Вдохновленная намечающимся участием в Армори Шоу, Гертруда в январе 1913 года отправилась в Лондон на встречу с издателем Джоном Лейном. Элис назвала поездку «осадой Лондона». Гертруда боялась издателей, боялась быть принятой за суфражистку. Но все обошлось. В Лондоне они повидали многих знакомых и литераторов, пытаясь пристроить сборник Три жизни, но безуспешно. Главная надежда — Джон Лейн — никак не смог придти к согласию с самим собой и решился на публикацию книги только год спустя.
Утешением стала публикация в американском журнале Миррор статьи Роберта Паркера, положительно оценивающей творчество Гертруды, да предстоящая выставка в Нью-Йорке.
Грандиозное событие состоялось в период февраля-марта 1913 года и включало показ примерно 1250 картин, скульптур и других произведений искусства. На голову американской консервативной публики свалились творения футуристов, постимпрессионистов, художников-кубистов. Потрясение от произведений Пикассо, Дюшана, Вламинка, Брака, Леже и других ввергнула Америку в культурный шок. Выяснилось, что, помимо традиционного подхода в искусстве, существуют и иные пути творческого самовыражения.

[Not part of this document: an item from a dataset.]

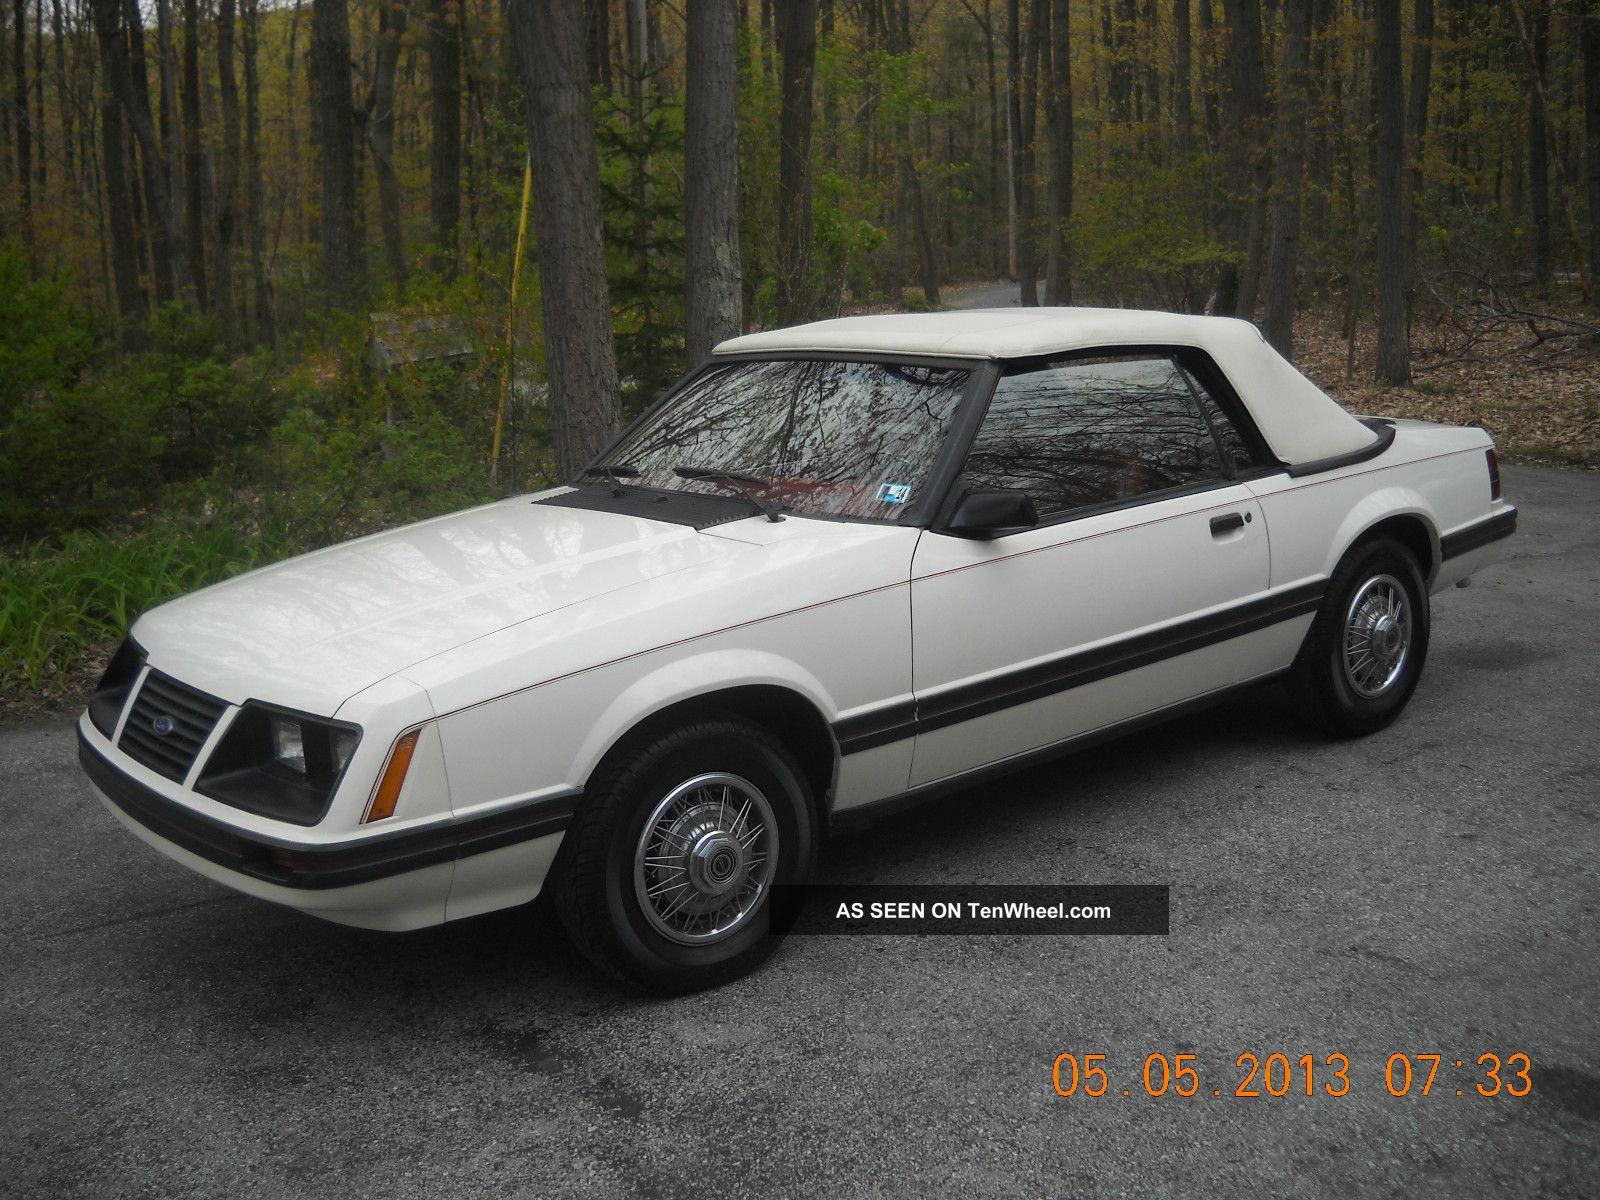 1983 ford mustang glx convertible 2 door 3 8 v 6. Black Bedroom Furniture Sets. Home Design Ideas

Вышла и статья Мейбл Додж, озаглавленная Рассуждения, или Постимпрессионизм в прозе. А приложением — Портрет Мейбл Додж на вилле Курония.
В статье автор писала:
В большой студии в Париже, увешанной картинами Ренуара, Матисса и Пикассо, Гертруда Стайн проделывает со словами то, что Пикассо со своими картинами. Она принуждает язык пробудить к жизни новые образы восприятия текста. <…> В своих импрессионистских работах она использует знакомые слова, чтобы создать совершенно новые состояния и картины, никогда прежде сознательно не испытываемые. Она добивается этого, используя слова в их первоначальном, как ей кажется, смысле. По мнению многих людей, она использует английский язык неправильно, обращается с ним грубо, неуклюже, варварски, безрассудно, сдуру, отвратительно; но своим методом она находит скрытую природу сущности.

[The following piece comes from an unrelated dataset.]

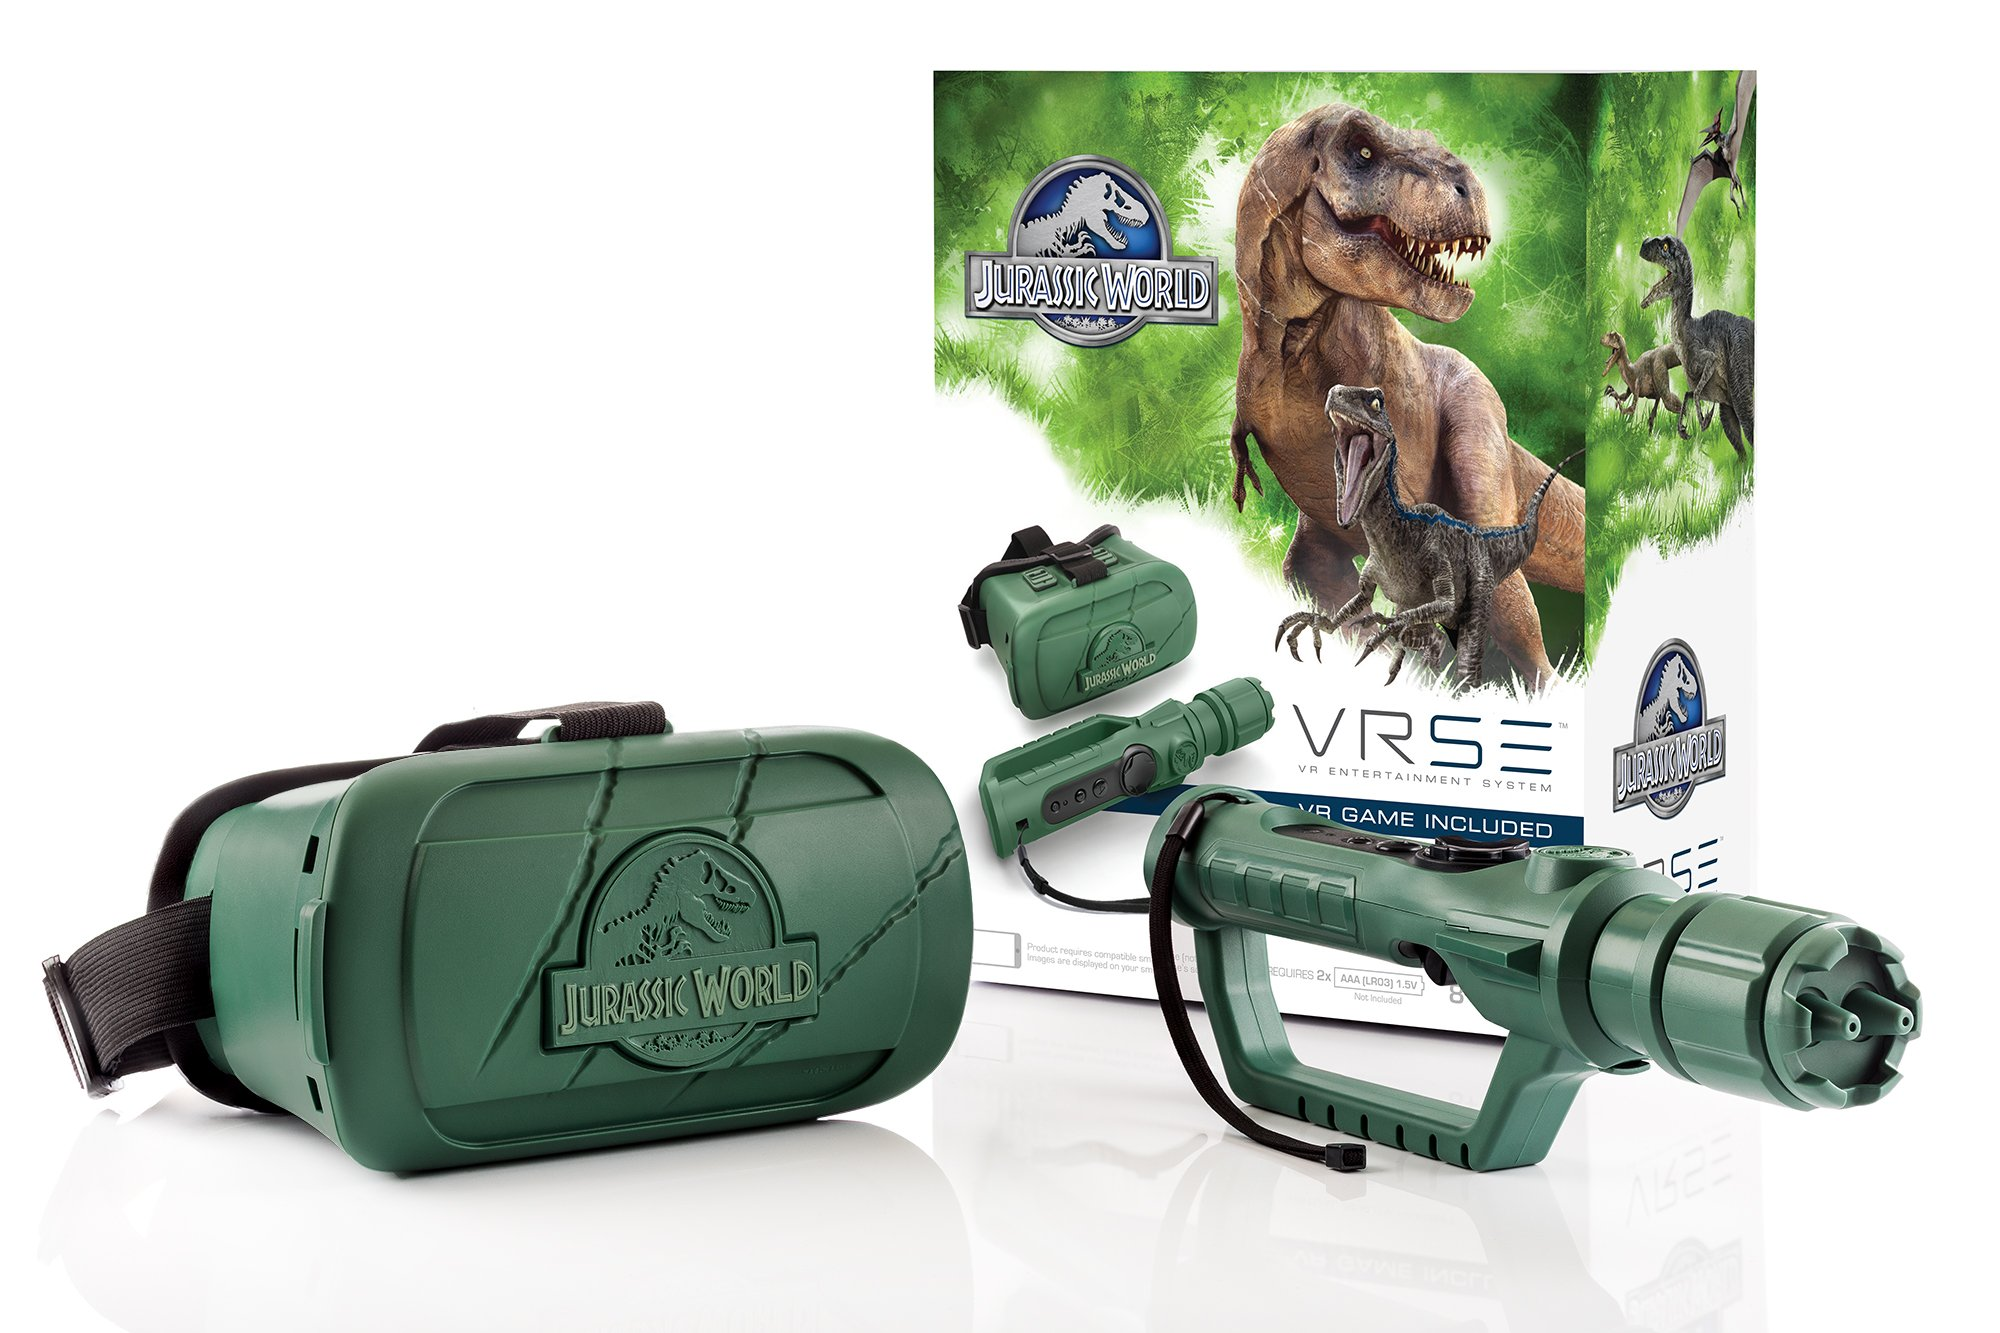 VRSE Jurassic World Virtual Reality Set by VRSE

Чтобы выразить свои впечатления, она выбирает слова, судя по их внутреннему значению, а не общепринятому использованию… Сосредоточившись на впечатлении, которым она обладает и которое хочет донести, она откладывает на время привычную манеру употребления слов, в ожидании слов или группы слов, которые должны выплыть из подсознания на поверхность и в полной мере выразить желаемый смысл.
Тогда и только тогда она прикладывает свои соображения к ним, проверяя, взвешивая и измеряя их способность выразить то, что она хочет выразить. Очевидно действенное доказательство бергсоновской теории интуиции. Она не охотится за словами — она ждет и дозволяет им самим придти к ней; так и происходит. <…>
Невозможно определить или описать целиком и полностью любое новое проявление в эстетике или литературе, нечто совсем недавнее, как, например, работы Пикассо или Гертруды Стайн; все, что мы можем сделать, это посоветовать в мелочах, сравнить и затем отступить в сторону.
Понять их — дело личного опыта и знания; никто не может быть поводырем другому. Прежде чем думать, надо прочувствовать, и это первый шаг в направлении опыта, потому что чувство есть начало знания, действия. Первое впечатление неважно. Кого-то оно шокирует, изумит или ужаснет; кому-то откроет глаза, доставит удовольствие, даст стимул, кого-то заинтригует.